By 1888, the British were dictating a new Constitution; by 1889, the ruler’s authority had been clipped by a council. The British wanted two things in the main. The first was to bring Kashmir in line with the other Princely States and establish their unquestioned supremacy. The second was to obtain Gilgit to firm up the Empire’s defences against Russia. They got both.
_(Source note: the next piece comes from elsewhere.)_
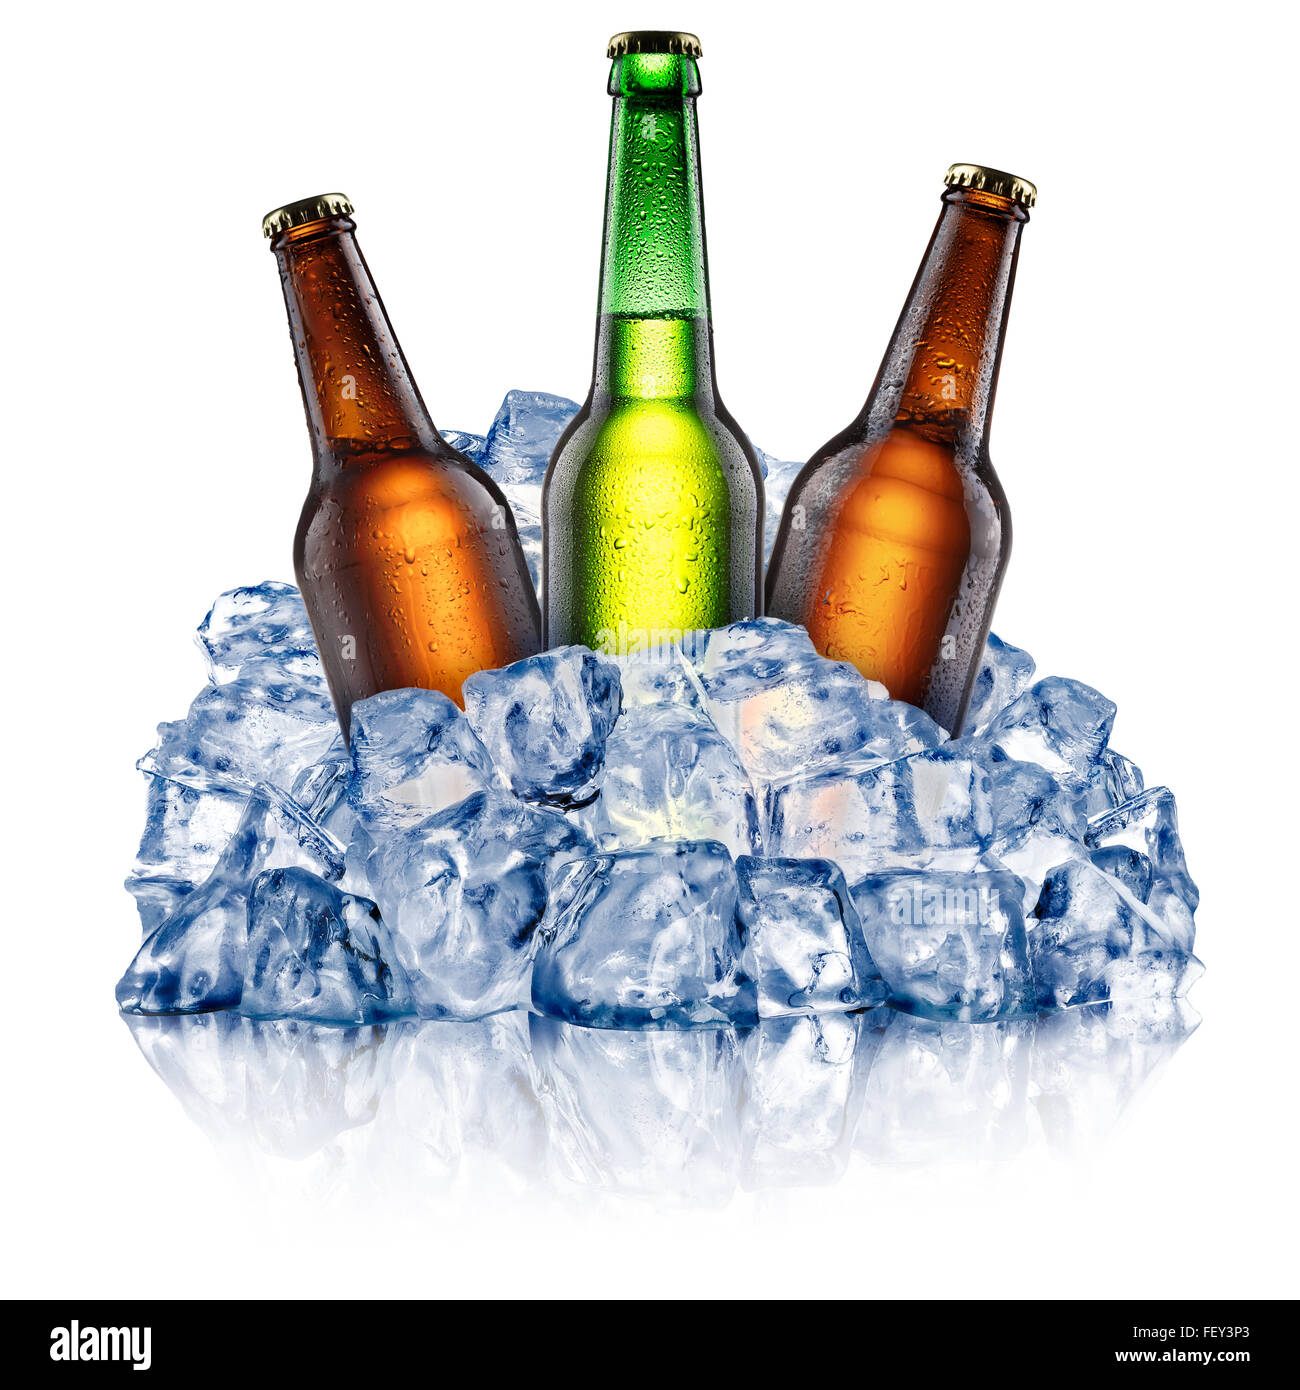 Grünen und braunen Bierflaschen in eine grobe zerstoßenes Eis abkühlen. Beschneidungspfade Stockfoto

It was inevitable that the confrontation between the Muslim masses and an oppressive Hindu government would acquire a communal tinge. Muslims yearned for liberation from Dogra rule. In December 1930, a group of young men launched an agitation in Jammu on their return from the annual session of All India Muslim Conference held in Lahore. The government got ‘tough’ and arrests were made. A maulvi was prevented from reciting the Khutba in a Jammu mosque. This welled up into a slogan on the streets of Jammu-“Islam in danger”. The spirit of protest travelled to Srinagar. However, the fire of a mass upsurge was lit not by a Kashmiri intellectual but by a Punjabi cook.


Abdul Qadir was a cook with a European posted in Srinagar. On 21 June 1931, Abdul Qadir made a speech at the Khanqah of Sheikh Hamadani which sent passions soaring. His arrest was the match to the tinder-box.


About four to five thousand people collected at gates of Srinagar Central Jail on the day of the hearing, and made a rush for the gates to free their hero. The police stopped them. The crowd replied with stones. Authorities responded with bullets. Twenty one people died and many more were wounded. An enraged crowd paraded the corpses through the main markets; shops were looted and Hindus attacked. It was a day of many firsts: the first popular street challenge to the Maharaja’s despotism; the first mass communal violence; the first instance of police firing on an unarmed crowd.


Kashmir had changed. The movement for self-rule had now acquired a momentum which was difficult to contain. That anger flowed into a great movement only when it was harnessed to Kashmiriyat, and ploughed the trans-religious culture and identity of a country where a Sheikh could proudly call a Pandit his blood-brother and make common cause against both Islamic fanaticism and Hindu fascism.